Introduction to CHARS74K data set and related reading methods for handwritten character data sets

Source: Internet
Author: User

The chars74k DataSet is a classic character recognition dataset that includes both English and Kannada (Kannada) characters. The dataset has a total of 74K images, so it's called chars74k.

The English data set is divided into three categories according to the Image acquisition method:

1. Character image data collection under natural environment;

2. Handwritten character image data set;

3. A computer character image dataset with different font compositions.

Only English hand writing character datasets are introduced here. The dataset contains 52 character categories (A-Z,A-Z) and 10 numeric categories (0-9) altogether 62 categories, 3410 pairs of images, completed by 55 volunteers handwriting.

This data set is in englishhnd.tgz this file (English Hand writing), the image is mainly in the IMG folder, according to the samples001-samples062 naming method stored in 62 sub-folders, Each subfolder has 55 images, all in PNG format, with a resolution of 1200*900, and a three-channel RGB image.

Some images:

The dataset author provides a way to read Matlab, and there is a lists_var_size under the English/hnd folder in the Lists.tgz file. Mat file for data read-in, but the file simply establishes a struct (struct) that provides the relevant information, the actual data of the image, or the code to be read in itself.

The structure is loaded into the following:

The data set author has divided the training data and the test data into 30 different subsets, that is, the above Trnind and Tstind, which stores the index of the image, but it is important to note that some of the training data subsets are not 930, and some of the data behind it is 0.

The MATLAB code below, based on the mat file provided by the author, reads the training data of a subset, the test data and the label (the actual classification), and the image data is read into the cell array, and the tag data is read into the uint16 Array (note that label 1 represents the actual number 0, The label 2 represents the actual number 1, and so on).

Percent read images from chars74k Chinese Hnd DATASET.CLC, clear;% list is a struct, which contains:% alllabels: [3410*1 uint1 6]% allnames: [3410*24 char]% classlabels: [62*1 double]% classnames: [62*13 char]% numclasses:62% TSTind: [1674*30 uint1 6]% valind: []% txnind: [930*30 uint16]% trnind: [930*30 uint16]load (' Lists_var_size.mat '); percent extract training and test da Tasets%{there is patches in the dataset (Training & Test) We'll select the Nth training and test dataset.%}n = 14; % separats the training & test indexes in Datasettraining_index = list. Trnind (:, N); test_index = list. Tstind (:, N);% Some training patches may has some elements equal to 0% which we must ignore Them.locate_zero = Find (Traini Ng_index = = 0); Training_index (Locate_zero) = [];% The class labels for training settraining_labels = list. Alllabels (training_index);% The ground truth labels for test settest_true_labels = list. Alllabels (test_index);% Read image Datafor II = 1:length (training_index) img = Imread ([‘.. /.. /.. /english/hnd/',... list.    Allnames (Training_index (ii),:), '. png '); TRAINING_IMGS{II} = img;% If we want to see the image% image (IMG);% pause (); ENDfor II = 1:length (Test_index) img = Imread (['.. /.. /.. /english/hnd/',... list.    Allnames (Test_index (ii),:), '. png '); TEST_IMGS{II} = img;% If we want to see the image% image (IMG);% pause (); end

  

The PYTHON,OPENCV version waits for an update, or someone is willing to work together to communicate with each other.

If there is any mistake or inappropriate place, please correct me.

Reference Links:

http://www.ee.surrey.ac.uk/CVSSP/demos/chars74k/

Reference documents:

Teófilo Emídio de Campos, Bodla Rakesh Babu, Manik Varma.

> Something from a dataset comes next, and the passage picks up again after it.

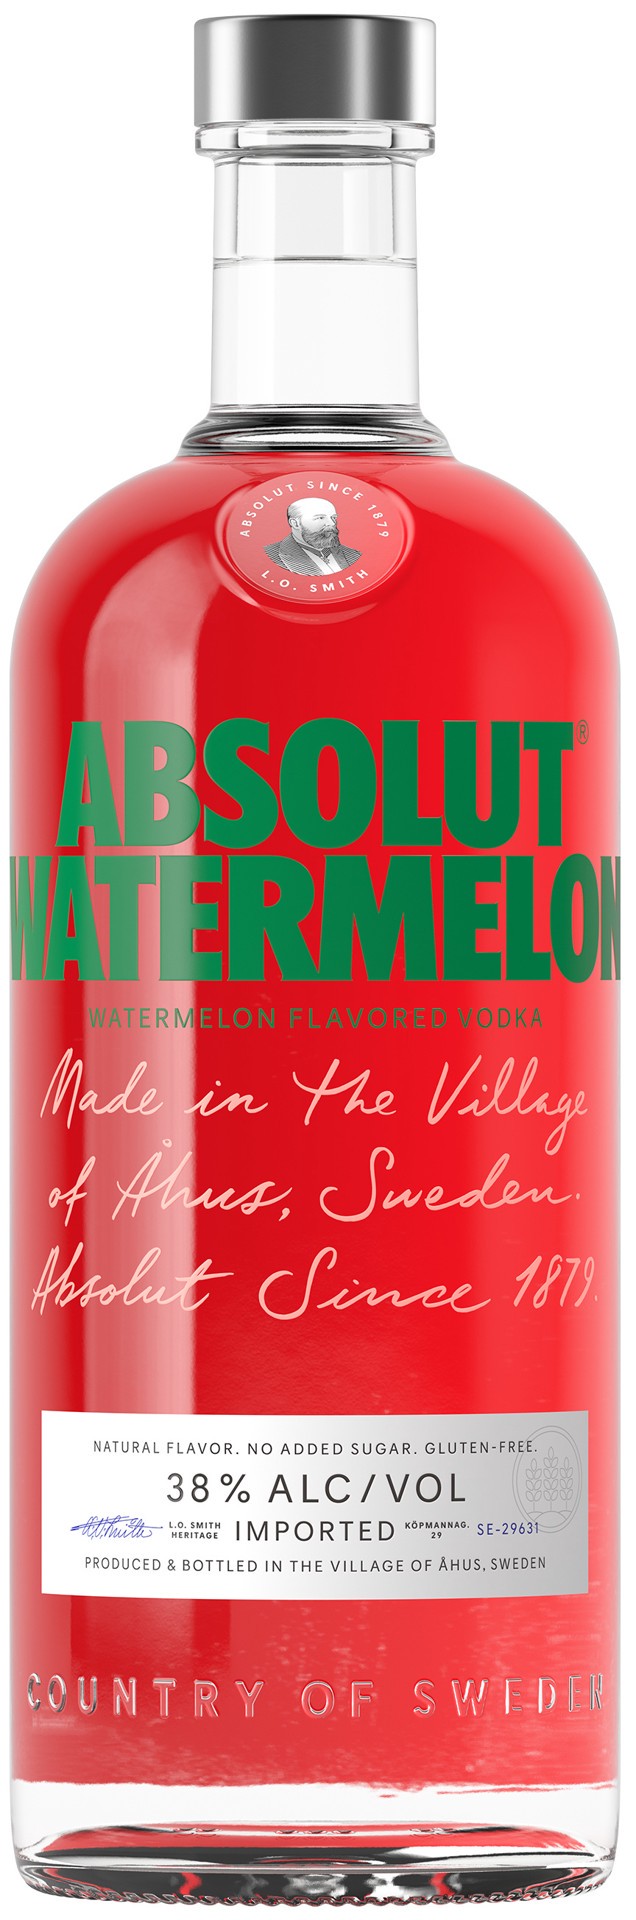 slide 1 of 9, Absolut Watermelon Flavored Vodka, 1 L Bottle, 38% ABV, 1 liter

Character recognition in Natural Images. [c]//Visapp 2009-proceedings of the Fourth International Conference on computer Vision theory and applications, Lisboa, Portugal, February. 2009:273-280.

Note: This article was originally issued in July online forum, is a computer vision open class homework.

Hand-written character Recognition resource summary-chars74k DataSet Introduction and related reading method for handwritten character data set

Introduction to CHARS74K data set and related reading methods for handwritten character data sets

Contact Us

The content source of this page is from Internet, which doesn't represent Alibaba Cloud's opinion; products and services mentioned on that page don't have any relationship with Alibaba Cloud. If the content of the page makes you feel confusing, please write us an email, we will handle the problem within 5 days after receiving your email.

If you find any instances of plagiarism from the community, please send an email to: info-contact@alibabacloud.com and provide relevant evidence. A staff member will contact you within 5 working days.

A Free Trial That Lets You Build Big!

Start building with 50+ products and up to 12 months usage for Elastic Compute Service

  • Sales Support

    1 on 1 presale consultation

  • After-Sales Support

    24/7 Technical Support 6 Free Tickets per Quarter Faster Response

  • Alibaba Cloud offers highly flexible support services tailored to meet your exact needs.